The company has since locked in heavyweight backing. Nvidia announced a multiyear chip supply agreement with Thinking Machines in March 2026, committing to provide its upcoming Vera Rubin accelerators. Google Cloud is also listed among the startup’s significant partners.

Now, funding discussions are reportedly targeting a $50 billion valuation. That would represent a 5x jump from its initial valuation in roughly 16 months.

Murati’s pitch centers on what the company calls “interaction models.” Think of them as AI systems designed not for one-off prompts and responses, but for continuous, real-time dialogue with humans. The target latency is 200 milliseconds, which is roughly the speed of a human blink.

Tinker and the open-source play

The startup’s first product is Tinker, an API built for fine-tuning open-source AI models. It’s a deliberate strategic choice that positions Thinking Machines differently from OpenAI’s increasingly closed ecosystem.

Murati has been vocal about maintaining human oversight in AI development, a stance that carries extra weight given her front-row seat to OpenAI’s own internal debates about safety, commercialization, and control.
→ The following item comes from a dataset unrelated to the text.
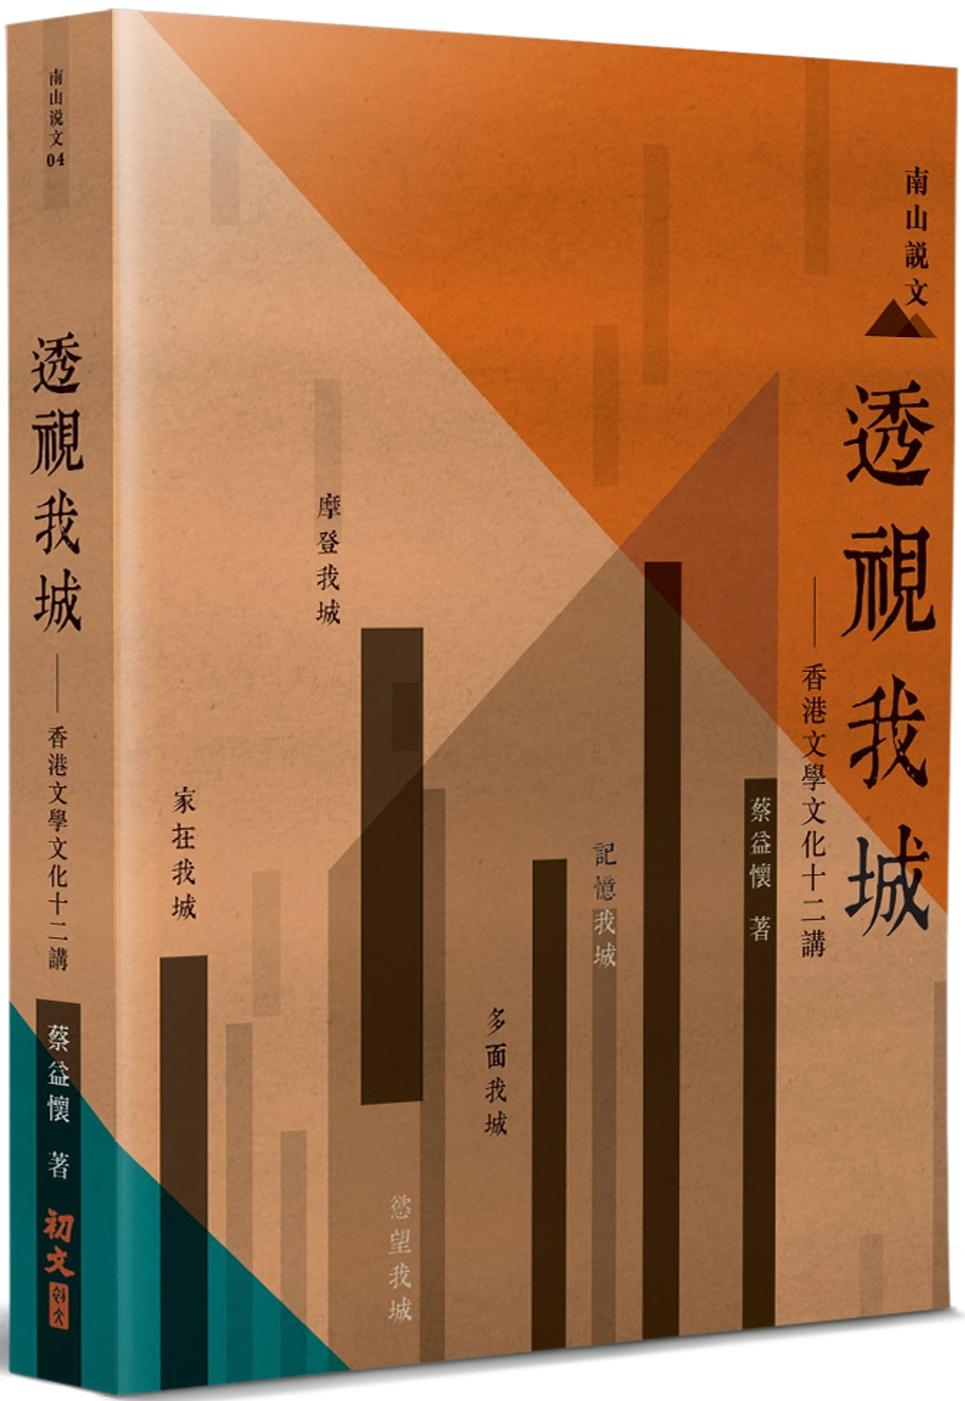 透視我城:香港文學文化十二講

The talent problem nobody wants to talk about

Thinking Machines has already experienced notable talent departures. Several founding-team members returned to OpenAI in early 2026. Others left for Meta, which has been aggressively hiring AI researchers as it builds out its own model ecosystem.

Murati didn’t dwell on the exits during her Bloomberg appearance, focusing instead on the company’s technical direction and her conviction that AI development needs to prioritize real-time human-AI collaboration over raw model capability.

What this means for investors watching the AI sector

The Nvidia partnership is arguably the most significant signal here. Vera Rubin accelerators are Nvidia’s next-generation chips, and a multiyear supply agreement suggests Nvidia sees Thinking Machines as a long-term player worth prioritizing.

The outcome of those funding discussions will be worth watching closely. If Thinking Machines closes at or near $50 billion, it validates Murati’s thesis that there’s room for a major independent AI lab outside the OpenAI-Google-Meta oligopoly.